In this case, rather than bluntly executing an INSERT for each encountered row, Skyscraper will only insert the row when it doesn’t already exist in the DB. If it does exist, Skyscraper will update it when necessary. For example, imagine John’s phone number changes:

(defprocessor :users
  :process-fn (fn [res ctx]
                [{:name "John", :surname "Doe", :phone "765-4321"}])
  :skyscraper.db/columns [:name :surname :phone]
  :skyscraper.db/key-columns [:name :surname])

A repeated invocation of Skyscraper will now produce a database with the updated record.

Tips and caveats

Often, you have a paginated structure where a page contains a number of records you’re interested in, plus a link to the next page. A natural approach is to have the processor return the "next-page" context along with the actual records. So the return value of scraping /page/1 might look like this:

[{:name "John Doe", :url "/person/1", :processor :person}
 {:name "Jane Smith", :url "/person/2", :processor :person}
 ;; more records
 {:page 2, :url "/page/2", :processor :page}]

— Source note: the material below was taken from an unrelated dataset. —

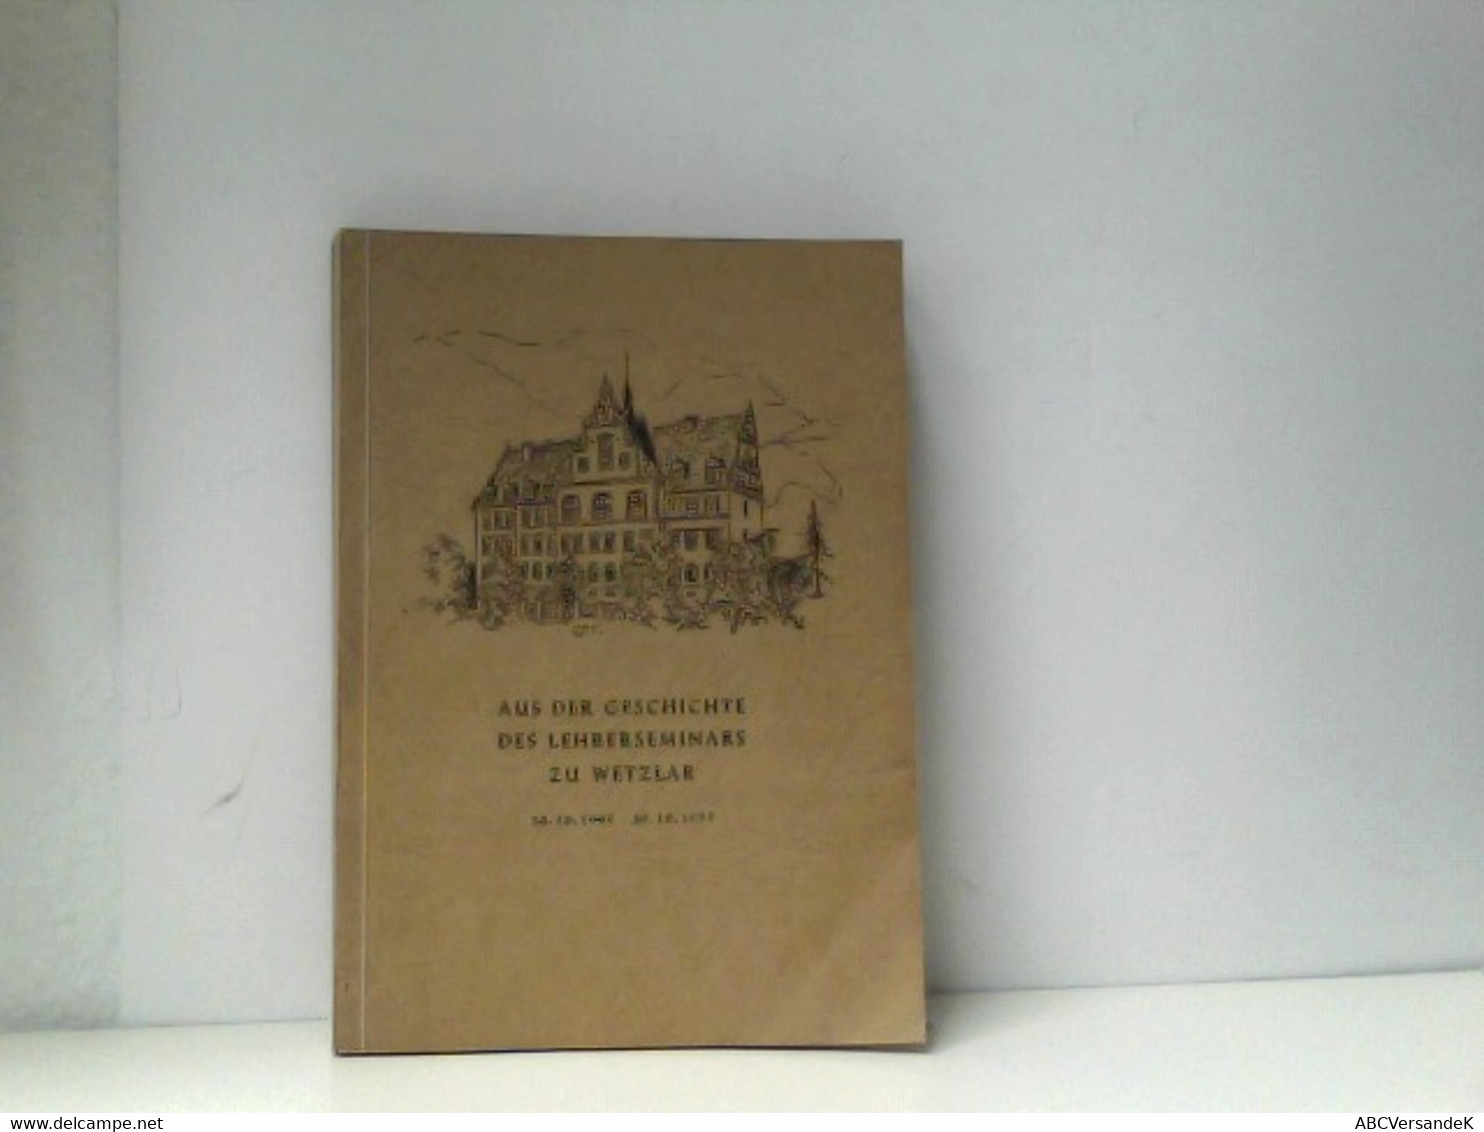 Aus Der Geschichte Des Lehrerseminars Zu Wetzlar. Ein Erinnerungs- Und Gedenkbuch 20.10.1905-20.10.1955. - Hesse

If you DB-enable such a processor (presumably with the :name column), Skyscraper will duly emit a null-name row for the last context. There are several ways to cope with this:

  • You could change your scraping structure, having a top-level processor that just scans the pagination producing links to pages, and the page processor returning just the records of interest.
  • Alternatively, you could just bite the bullet and accept this situation, remembering to insert NOT NULL in your queries where appropriate. In general, it is a good idea to treat the Skyscraper-generated database as an interim step of your scraping flow, and have a cleaning step further downstream (the data structure you’re trying to recreate will sometimes not correspond faithfully to the scraping structure).